小刀使いの、大振りな舐め腐った武技を避けて――お返しに首元への一撃を。
吹っ飛ぶ彼を尻目に――
「『パワースウィング』」
攻撃を、『置いた』。
「――え?……があッ!!」
背後の影に直撃する武技。
その小剣から、『暗殺者』である事は察していた。
こっそりと姿を消したつもりだったかもしれないが――
「――っ」
「ぐッ――!!お、おい援護!」
あの、『彼女』に比べれば――格下も良い所だった。
そのまま追撃を彼に入れれば情けない声を出す暗殺者。
「――そ、『ソニックショット』!」
「っ――」
二人が倒れた時、弓使いの声。
青色のエフェクト、そして先程よりも早い矢。
反射は無理――そう判断した俺は、無理なくそれを避ける。
二人が俺に迫っている時は、同士討ちの危険もあるから撃たなかったんだろうが……単体なら避けるのは余裕だ。
それじゃ……お返しに、『まず一本』。
「――『パワースロー』!」
「!?うわ――うッ!!」
武技直後の隙に、投擲武技を入れる。
これも綺麗にヒットし――怯む弓使い。
「くッ、クソが――『スティング』!」
後ろから、倒れていた小刀使いが襲い掛かる。
俺はすぐに地面の斧を拾って――
「っ――らあ!』
「がはッ――」
遠心力を活かした一撃を彼に。
そして――また、『もう一本』。
「か、回復――うあッ!?」
少し離れた場所でポーションによる回復を試みる暗殺者。
逃す訳が無い、いやそれを見逃す訳はない。

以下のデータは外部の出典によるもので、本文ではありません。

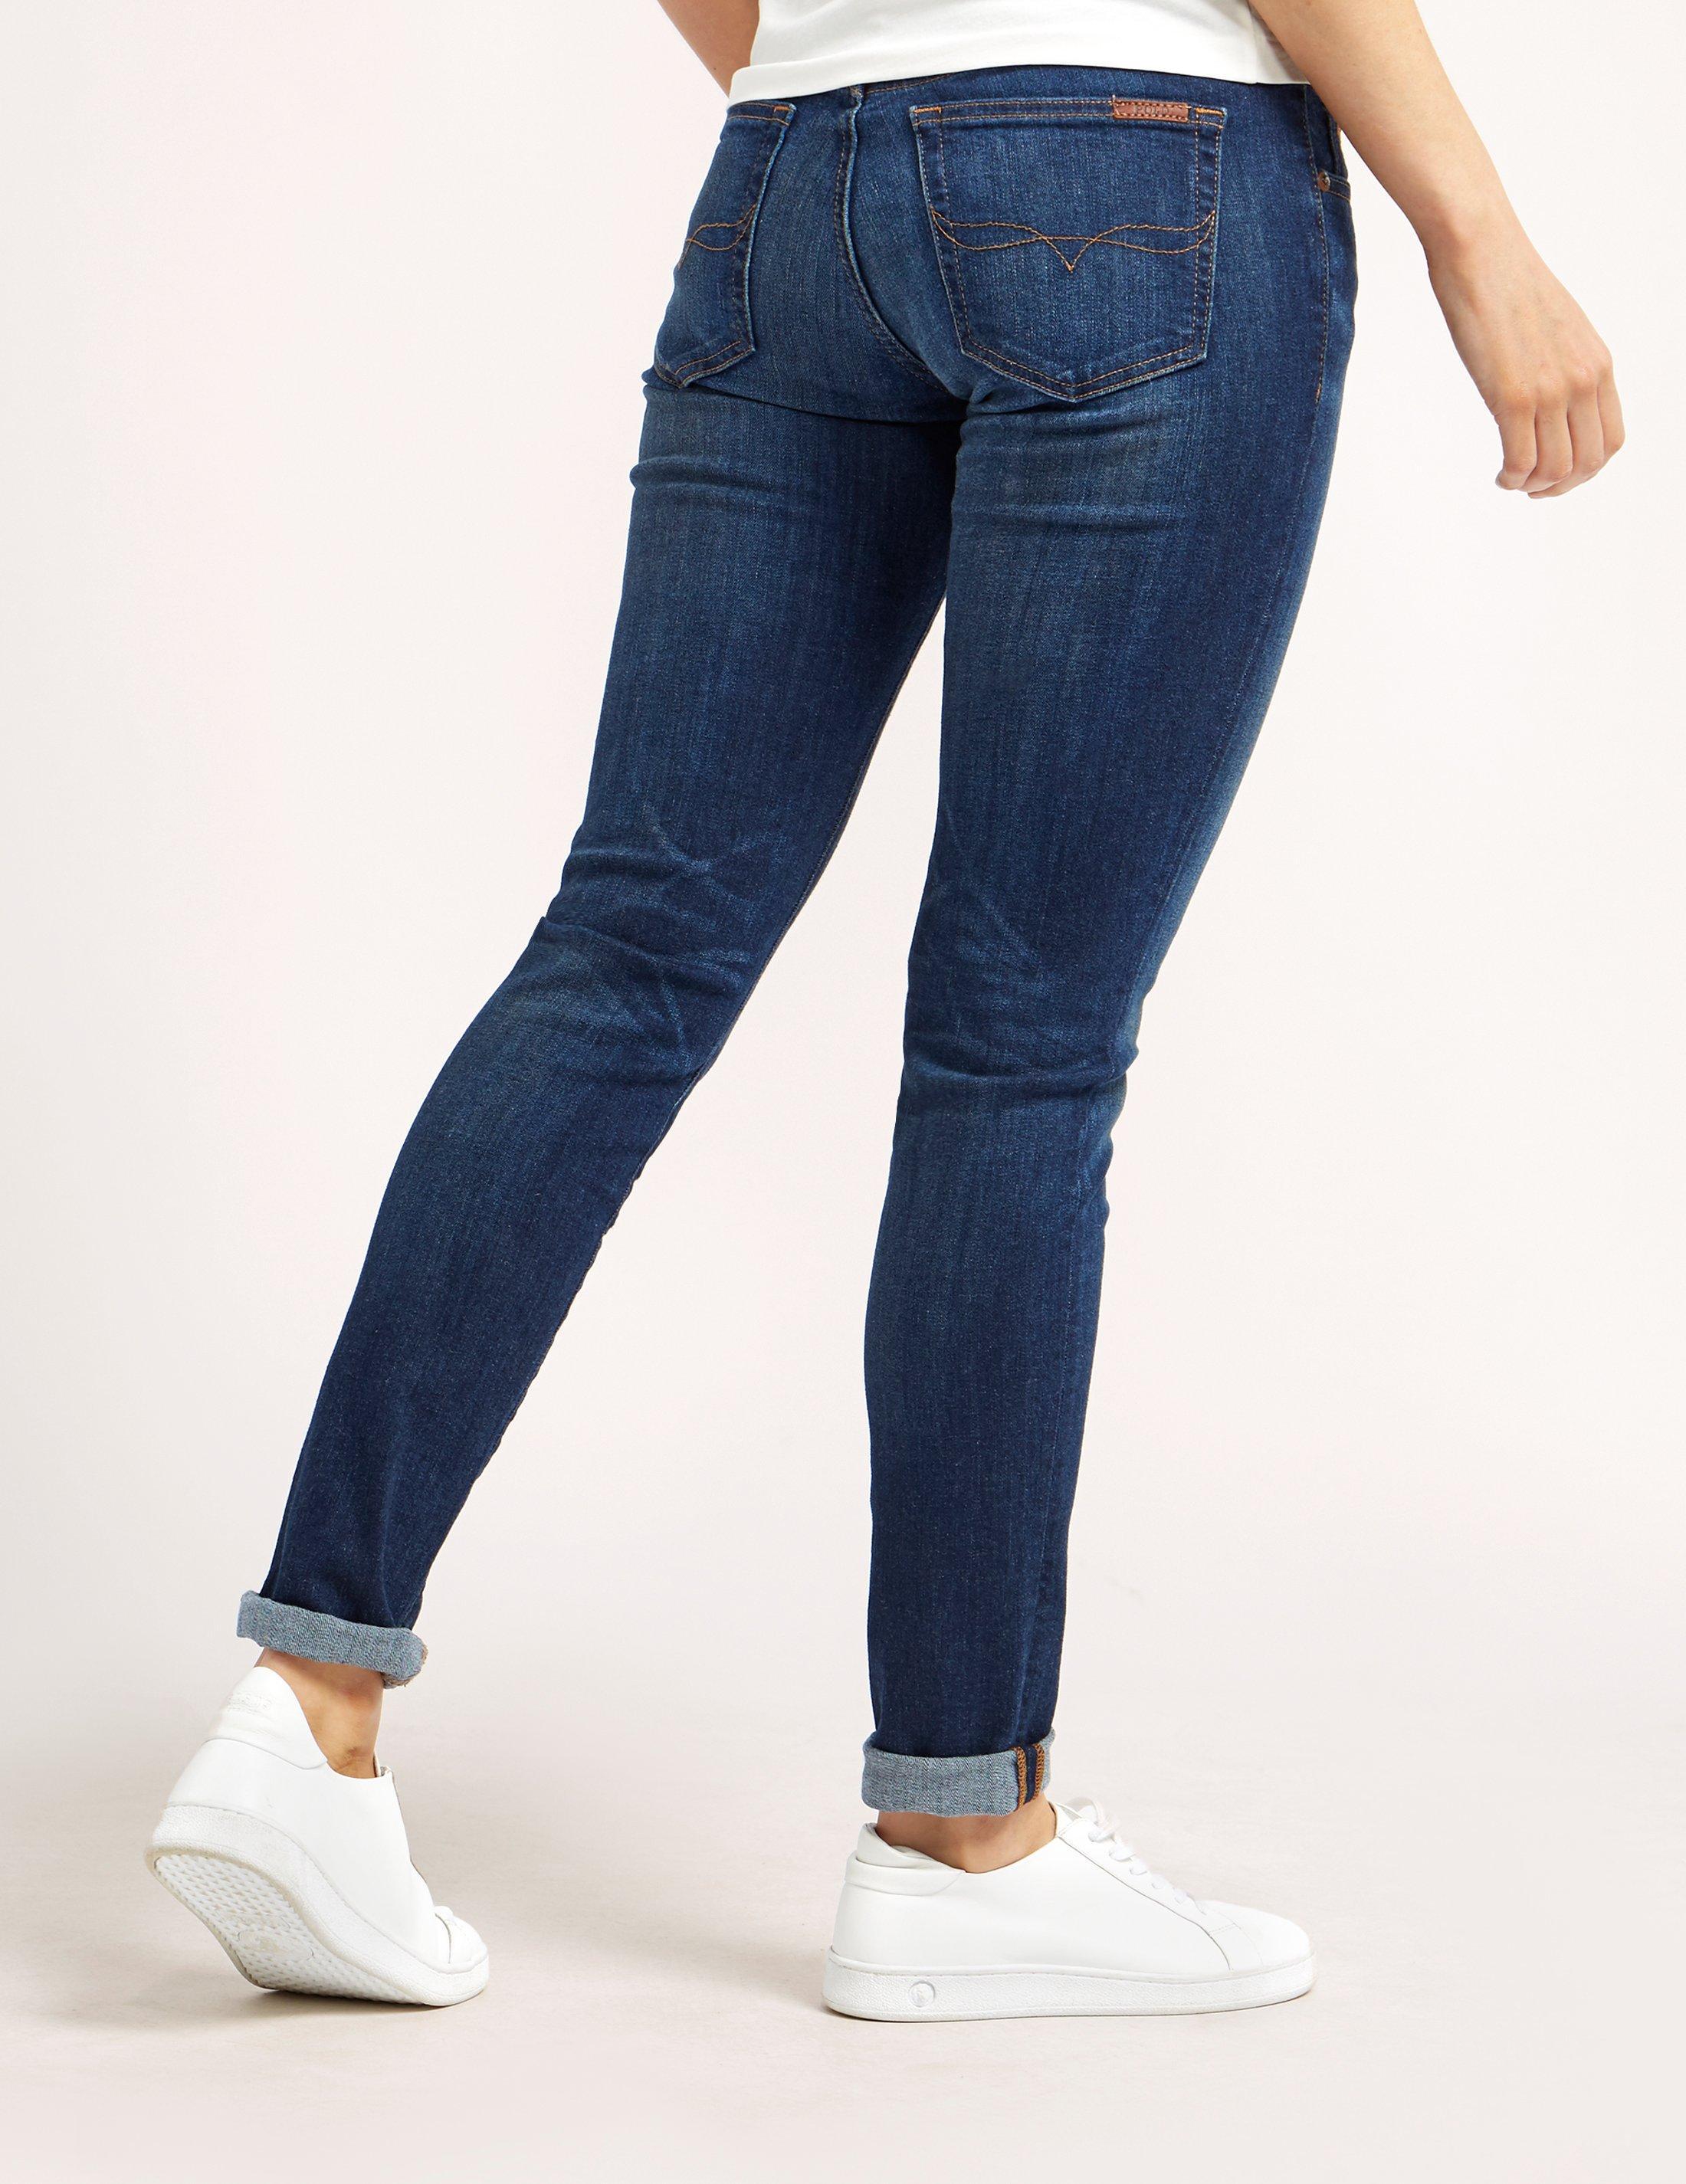 Polo Ralph Lauren Denim Tompkins Skinny Jeans in Indigo (Blue) - Lyst

俺は、また手のスチールアックスを彼に投げた。
回復直後、硬直中の不可避の一撃。
斧はポーションを避けて、彼を撃ち抜いた。
「――ッ、まだまだ……!」
もう一本を地面から抜いて構える。
戦闘は、始まったばかり――しかし。
俺は……悟ってしまった。というより、頭のどこかで気が付いてしまった。
この、油断塗れの、舐め腐って来るPK職達でも。
『三人』が――ギリギリの、限界だと。
後ろの二人には手も足も出せない。
過る不安。
あそこの眺めている奴らが――何をしようとも。
俺は、何も反抗できない事実を。
『糸』が切れてしまう時間は、じきに迫っている事に。